ダニ・ロドリック 「ロシアにおけるオリガルヒ資本主義」(2007年4月30日)

●Dani Rodrik, “Oligarchic capitalism in one country”(Dani Rodrik’s weblog, April 30, 2007)

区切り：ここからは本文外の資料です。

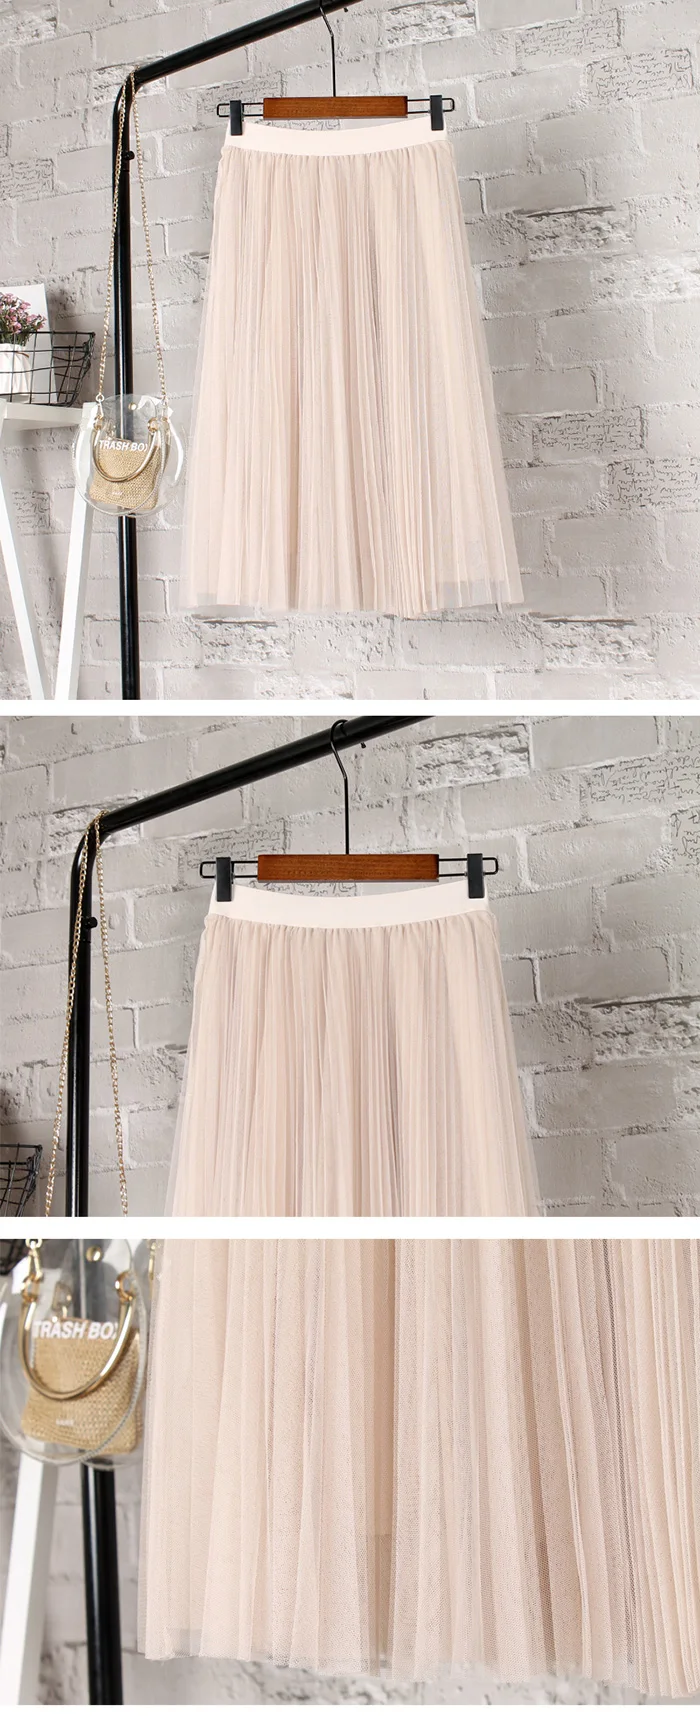 Тюлевая юбка s Для женщин s миди плиссированная юбка черный, розовый Женская юбка из тюля 2019 корейские демисезонные эластичные Высокая

社会主義から資本主義へと移行する渦中にあったロシアで、滑稽(こっけい)な出来事が起こった。政界とコネのある「オリガルヒ」たちによって、資本主義への移行が邪魔されたのだ。その間に、彼らは、私腹を肥やして大金持ちになったのだった。こちらの大変素晴らしい論文[学術誌に掲載されたバージョンはこちら]で、セルゲイ・ブラギンスキー(Serguey Braguinsky)が次のように問うている。「オリガルヒ資本主義は、最終的に真の市場経済と民主主義へと行き着くまでの過渡的な段階に過ぎないのだろうか? それとも、また別の非効率的な社会経済システムにしか行き着けない袋小路を意味しているのだろうか?」 (ブラギンスキーの答えはというと、楽観的ではないようだ)。ブラギンスキーの論文では、計300人近くのオリガルヒについての10年分のデータが収集されている。実に立派な貢献だ。ブラギンスキーの結論を私なりにまとめると、次のようになるだろう。新世代のオリガルヒは、かつてのノーメンクラツーラともほとんどコネがなく、正真正銘の起業家階級となり得たポテンシャルを秘めていたにもかかわらず、レントシーキング[特権を享受するために、政治家や官僚に働きかけること]や国有財産の乗っ取りに手を染めることになった。その結果、(ノーメンクラツーラと強いコネがあった)旧世代のオリガルヒと見分けがつかなくなったのだった。

(追記)出だしの文章中にある「滑稽な出来事」という表現を捉えて、幾人かの読者から「滑稽とは何だ!」とのお叱りを受けた。仰(おっしゃ)る通り、ロシアで起こった件の出来事は、滑稽とは言えない。言葉選びが下手で、謝るしかない。